既存の造園施工管理技士の資格試験は1級と2級があり、どちらの級も学科試験と実地試験の両方に合格する必要があります。

実地試験は不合格だったとしても翌年までは学科試験が免除されていましたが、2回連続で実地試験に不合格だった場合、学科試験から受験し直す必要がありました。

この検定制度では、実地試験に不合格だった場合に学科試験から再受験する人の割合は大幅に低くなるという傾向があり、これまで資格保有者を増やし人材不足を解消する上での課題と捉えられていました。

技士補制度の施行後は、学科試験と実地試験は試験内容が再編成されて一次検定と二次検定に名称が変わり、一次検定に合格するだけで技士補の資格を取得できるようになります。

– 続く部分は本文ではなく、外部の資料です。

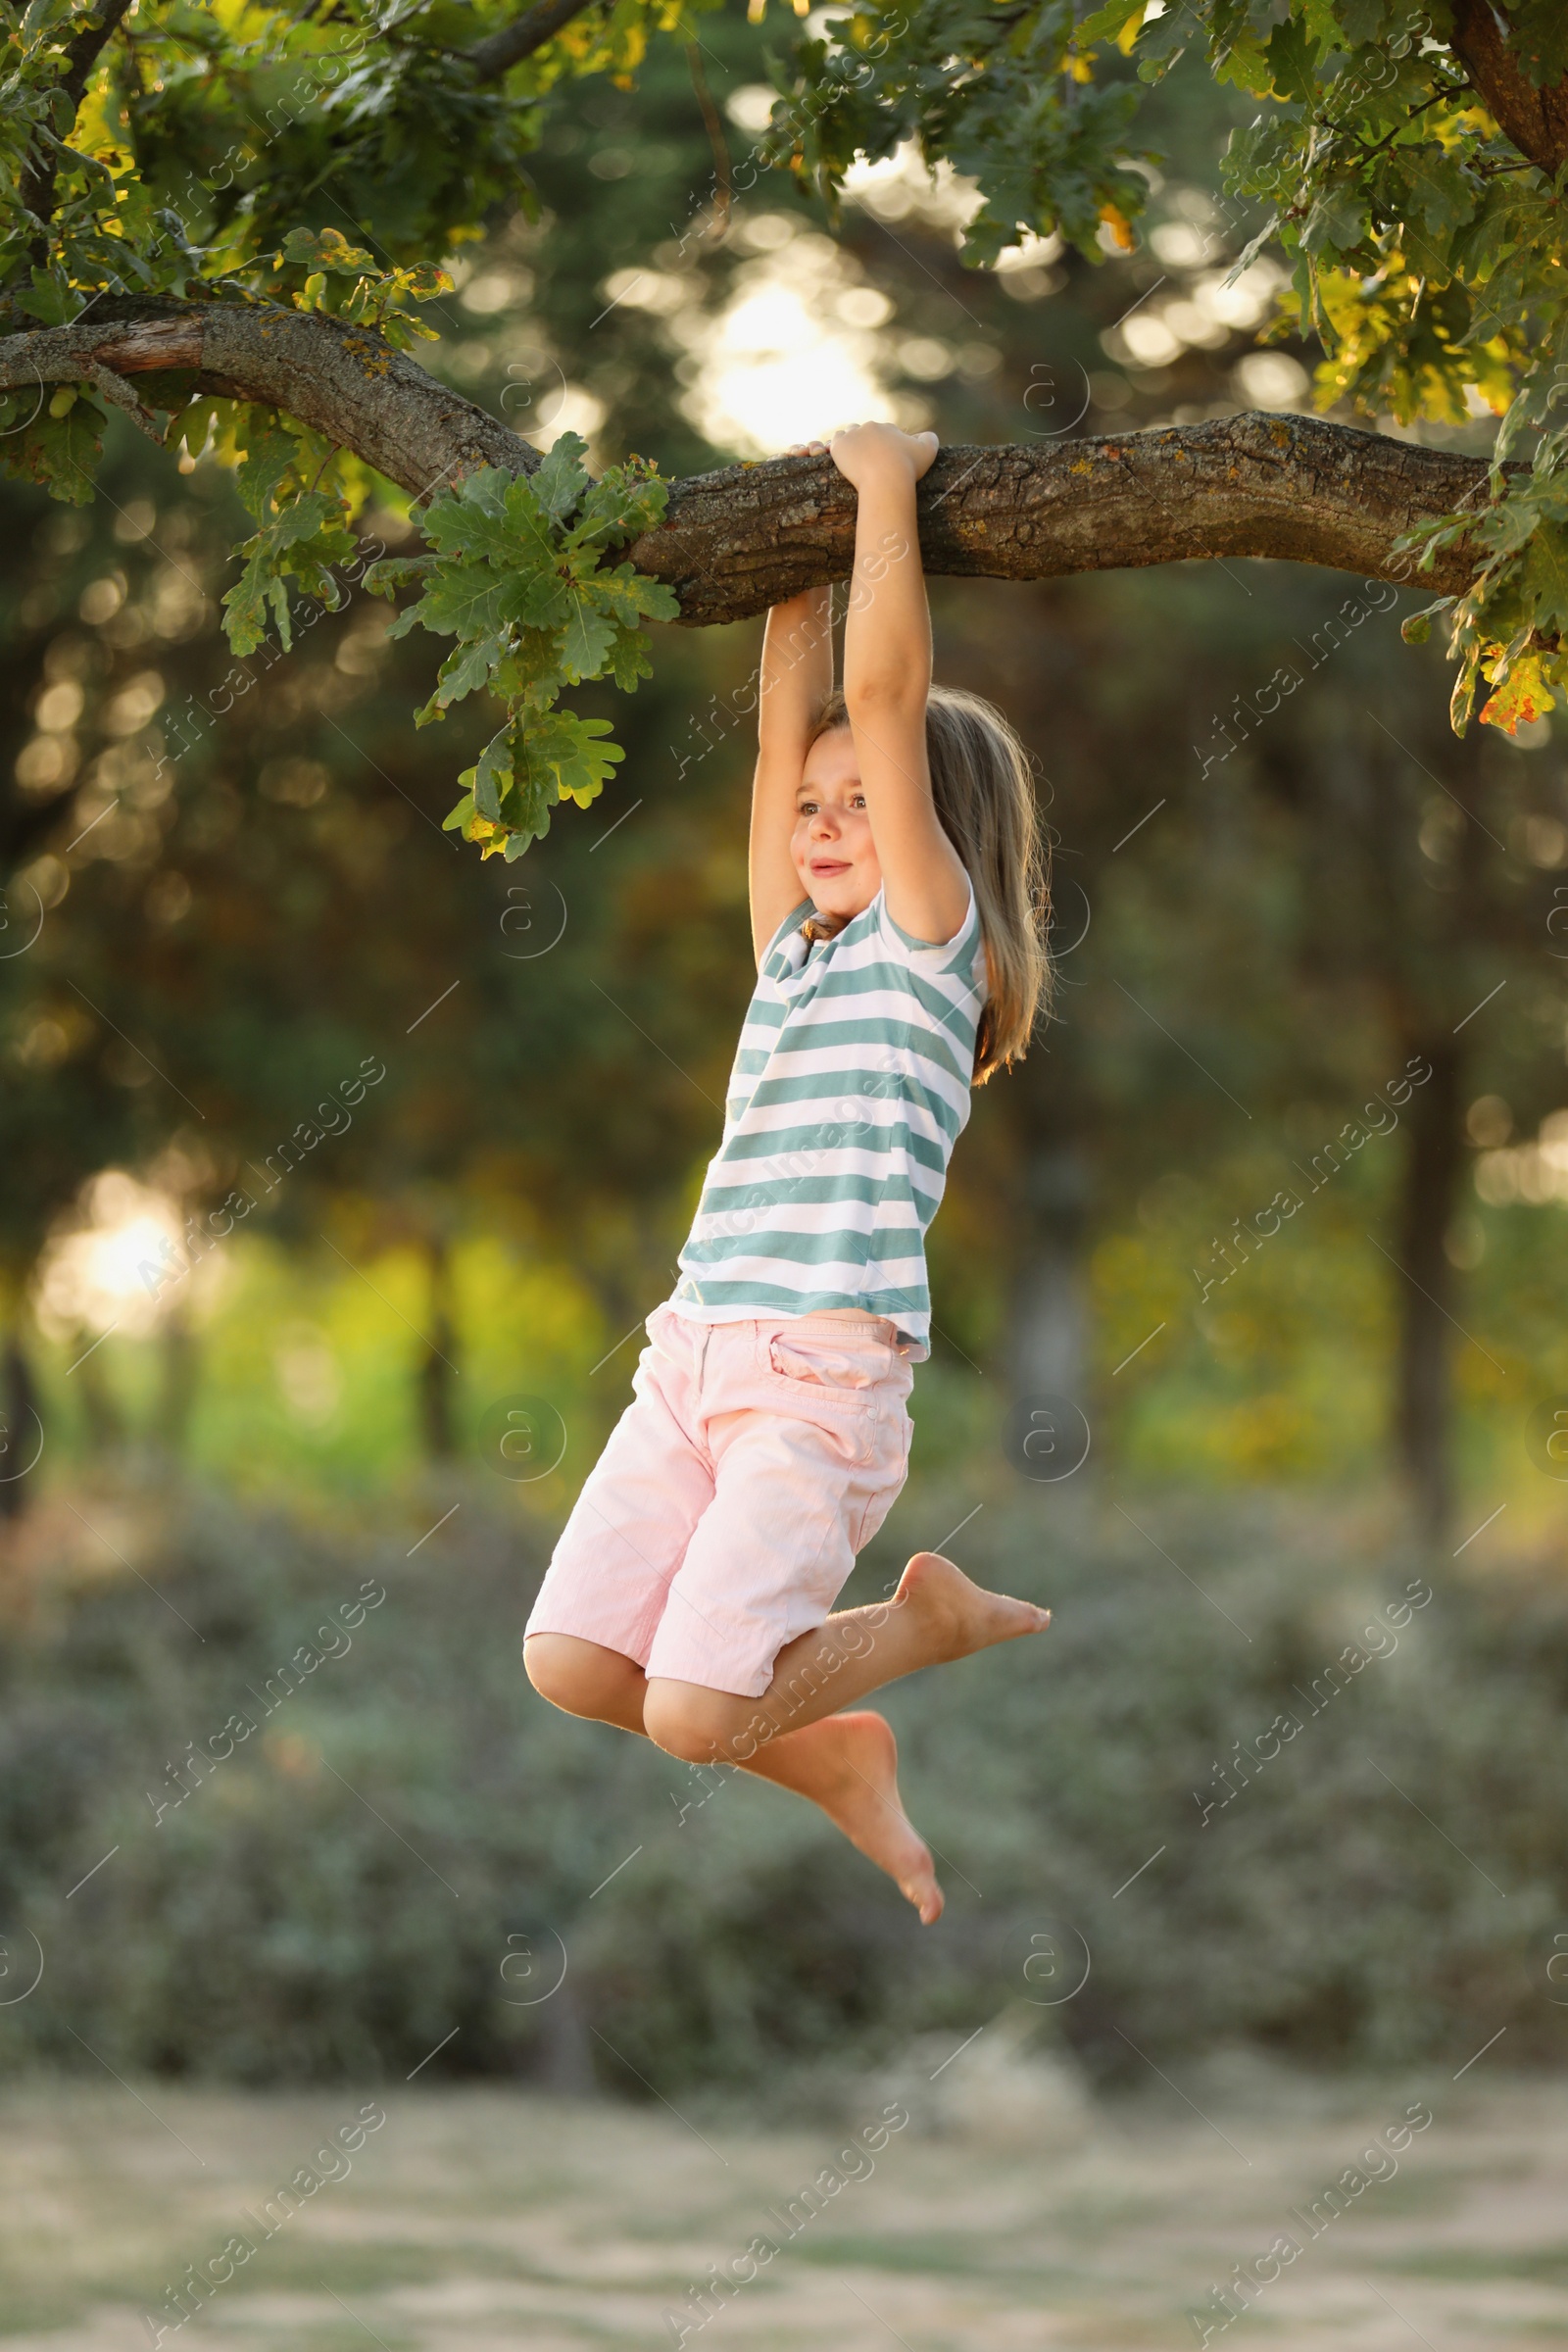 Photo of Cute little girl swinging on tree branch outdoors. Child spending time in nature

一次検定と二次検定の両方に合格することで今までと同様に技士の資格を取得することが可能です。例えば、2級造園施工管理技士の一次検定に合格すると2級造園施工管理技士補、さらに2級造園施工管理技士二次検定に合格すると2級造園施工管理技士となります。

試験内容は、一次検定は施工技術の基礎知識や基礎能力、二次検定は施工技術のうち実務経験に基づく技術上の管理や指導監督に関連する知識や能力を測るものとなっています。

2級は17歳から受検できるので、2級技士補の資格は高校生でも取得可能で、造園業に就職したいという若者のモチベーションを高める効果も期待されています。

担当できる業務も変わる

技士補の創設で様々なことが変わっています。

まず、技士補資格によって受験資格要件が変わっています。現行では2級造園施工管理技士技術検定合格者が1級造園施工管理技士技術検定を受験するために必要な実務経験年数が条件として設けられていますが、技士補制度施行以降は2級二次検定の合格者は1級の一次検定を受検する際に実務経験を求められなくなります。

実務経験の条件がないことで、早く1級造園施工管理技士補の資格に挑戦することが可能です。(なお、1級造園施工管理二次検定の受検には実務経験が必要です)

1級造園施工管理技士補を取得することで仕事内容にも変化があります。技士補の資格があると監理技術者の補佐を務めることが認められるので、今までは監理技術者しか扱えなかった仕事に補佐として携われます。

監理技術者は、元請けとして総額4,000万円以上の大規模工事を契約する際に配置が義務付けられており、施工管理計画から現場の安全管理まで大事な仕事を担うことになる重要ポジションです。

ただ、施工管理技士の資格を取得しない限りはあくまでも補佐であるため、監理技術者の指導下にて働くことになります。

また、監理技術者の配置が必要な工事の中でも、請負金額が3,500万円以上の工事は監理技術者の専任配置が定められていましたが、技士補制度によって配置義務が緩和されます。

技士補を現場に専任で配置することで、監理技術者は複数現場での仕事が認められるようになります。

技士補は造園業界にとっても歓迎すべき資格ですが、造園施工管理技士資格の取得を目指している人にとっても資格が取得しやすくなり、最終的に施工管理技士資格を取得するまでモチベーションを保ちやすいメリットがあります。

再編成された試験内容の難易度は現行の試験と同程度ですが、技士補の創設で資格取得の難易度は下がります。

技士補は一次検定の合格だけで取得できることに加え、一次検定の合格に有効期限はなく、どんなに期間があいても一次検定を再受検することなく二次検定に望めるからです。

このように、技士補の創設では変更点が多くあるので最新の情報を得て資格取得の準備をしましょう。